Work instructions
Starting at the line that contains "Στις φωτογραφίες εκ" and stopping at the line that contains "Центральная Азия. Область", transcribe every line of the material below exactly; pictures stay out.

Input data
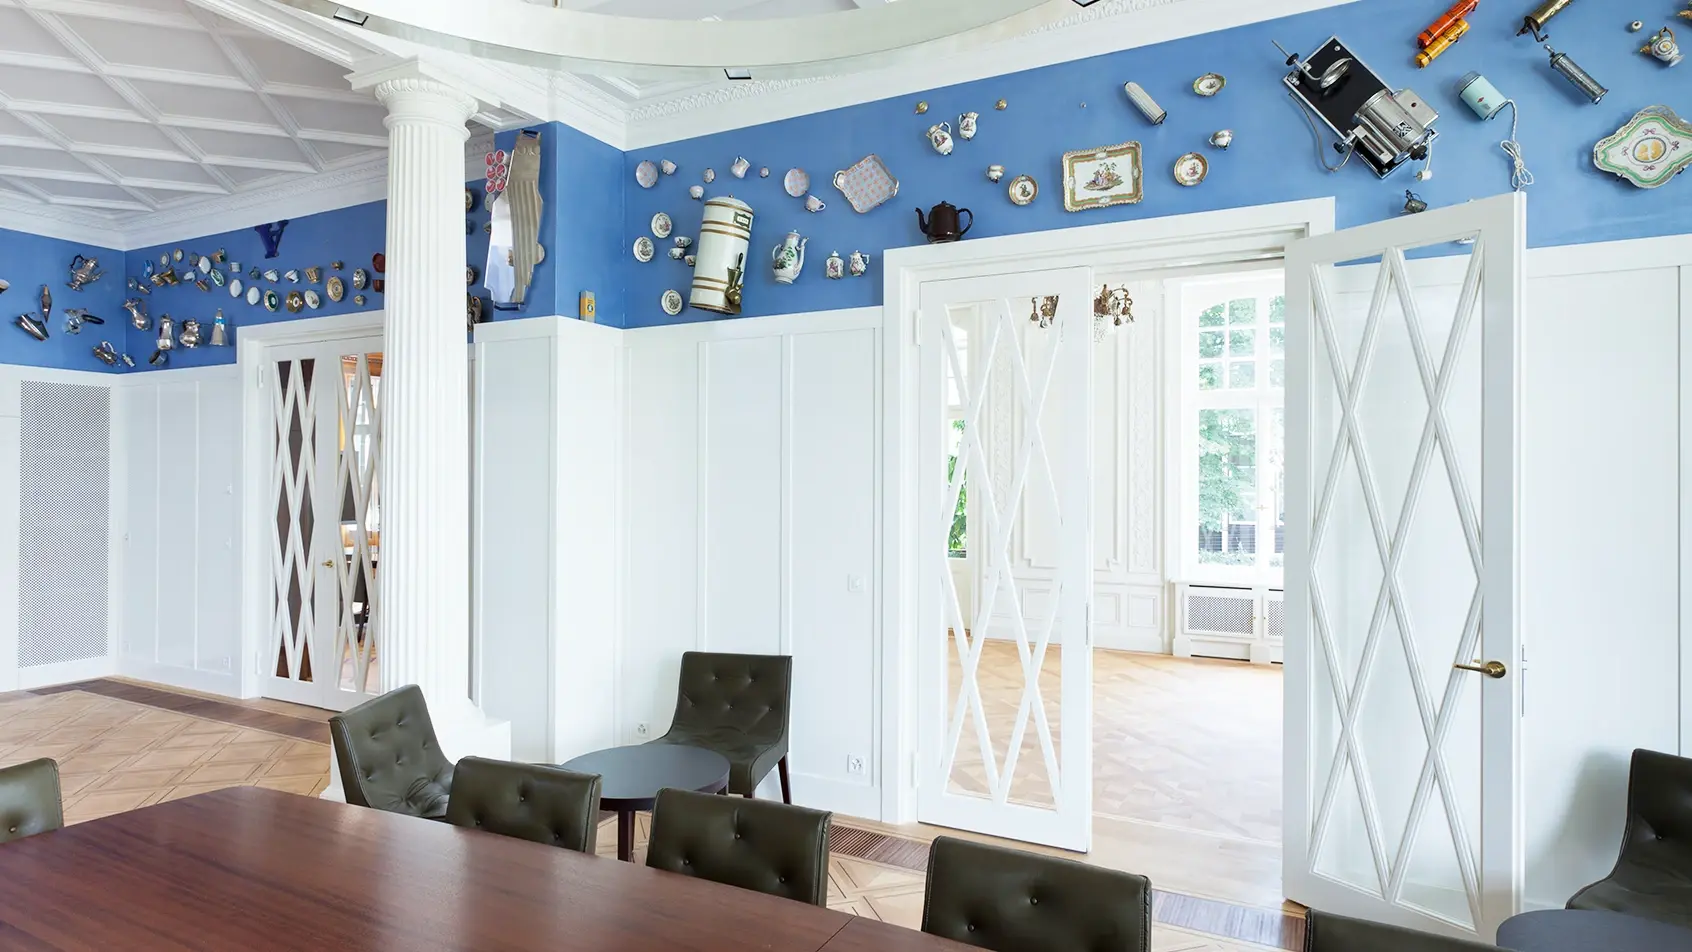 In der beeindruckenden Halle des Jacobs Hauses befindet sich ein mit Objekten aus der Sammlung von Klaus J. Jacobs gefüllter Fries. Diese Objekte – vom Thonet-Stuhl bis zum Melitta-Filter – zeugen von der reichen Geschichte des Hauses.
* * *
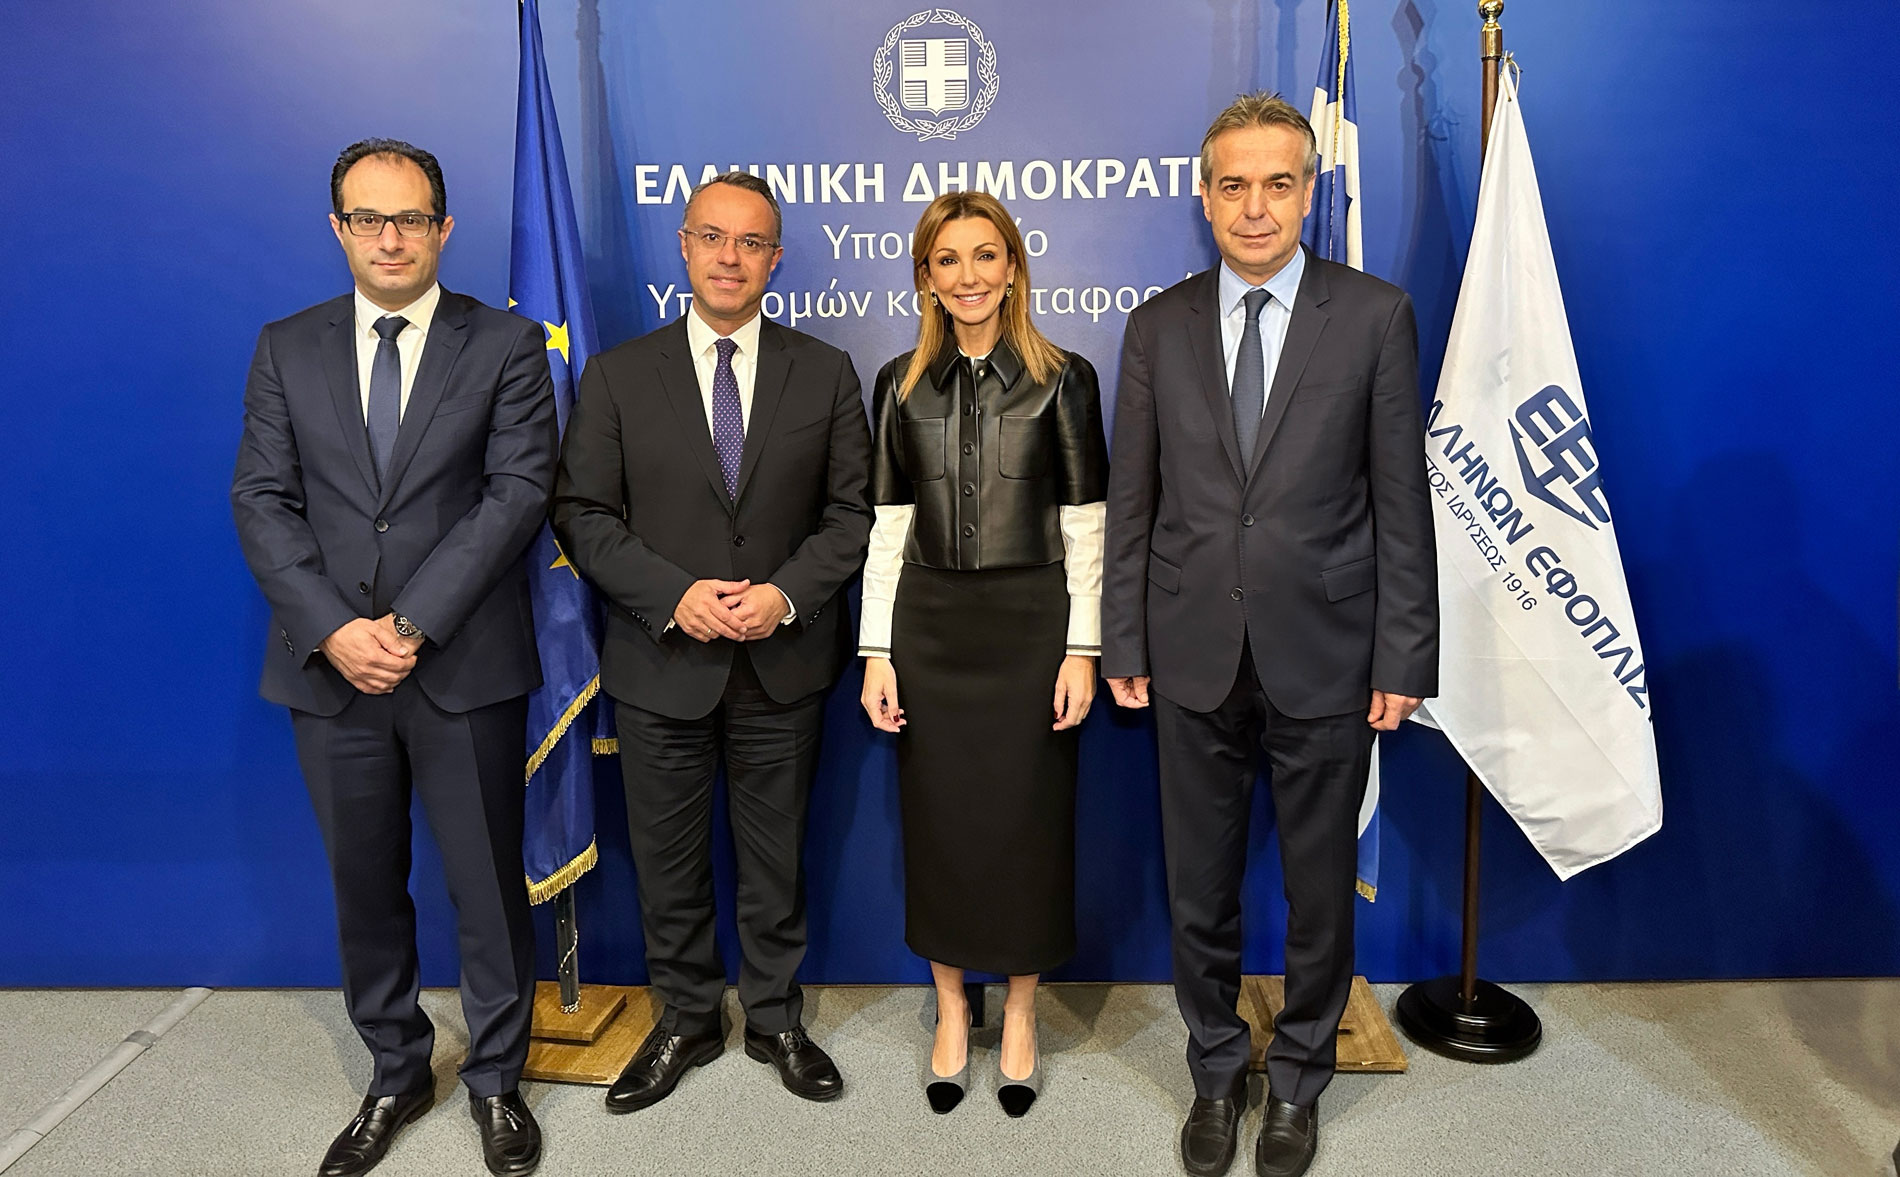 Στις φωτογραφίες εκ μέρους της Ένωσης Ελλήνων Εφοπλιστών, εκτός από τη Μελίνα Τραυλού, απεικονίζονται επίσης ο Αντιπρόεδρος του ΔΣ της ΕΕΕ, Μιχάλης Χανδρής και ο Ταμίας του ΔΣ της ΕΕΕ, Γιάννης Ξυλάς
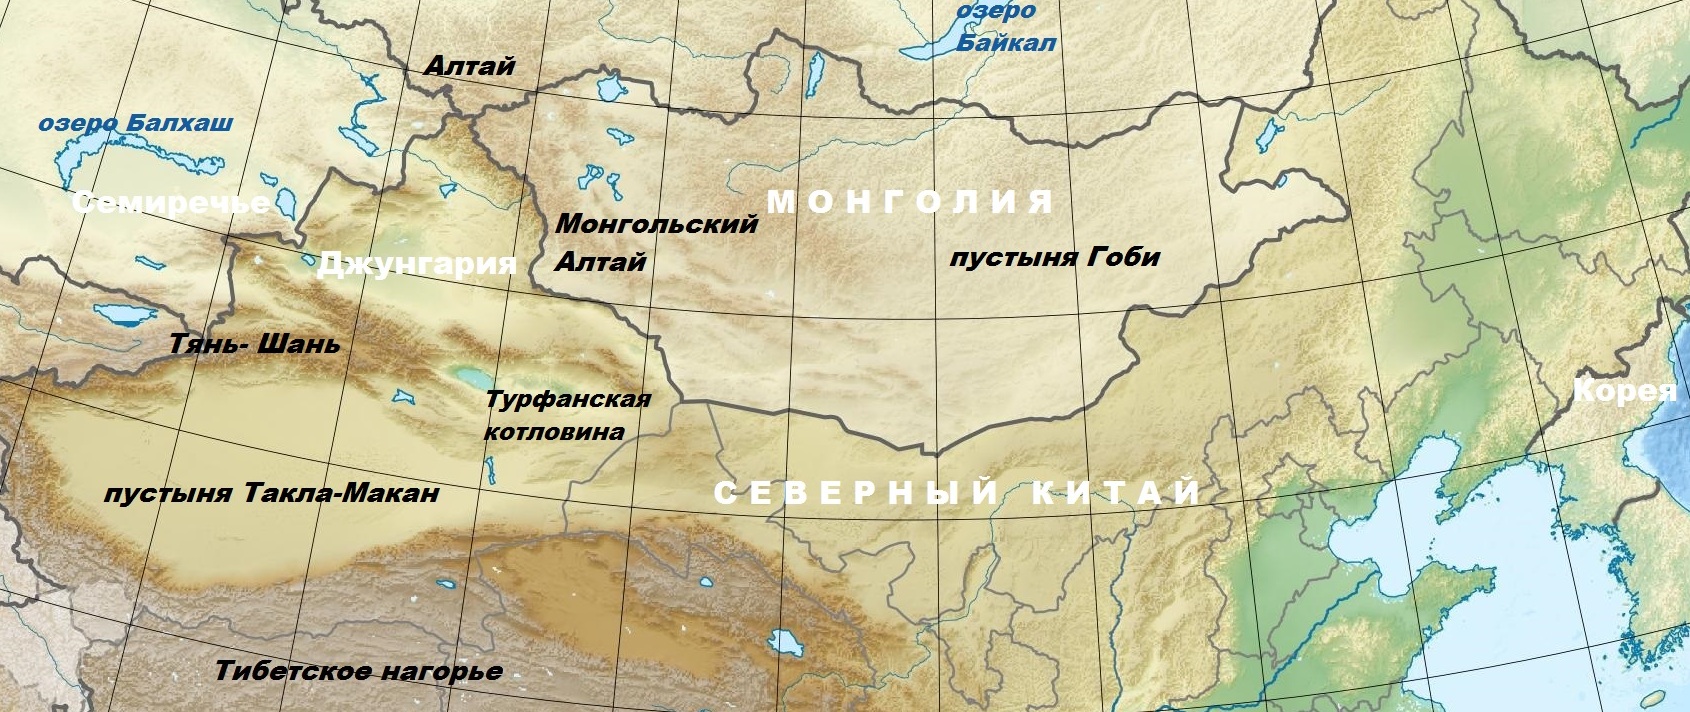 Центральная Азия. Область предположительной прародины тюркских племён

Result
 Στις φωτογραφίες εκ μέρους της Ένωσης Ελλήνων Εφοπλιστών, εκτός από τη Μελίνα Τραυλού, απεικονίζονται επίσης ο Αντιπρόεδρος του ΔΣ της ΕΕΕ, Μιχάλης Χανδρής και ο Ταμίας του ΔΣ της ΕΕΕ, Γιάννης Ξυλάς
 Центральная Азия. Область предположительной прародины тюркских племён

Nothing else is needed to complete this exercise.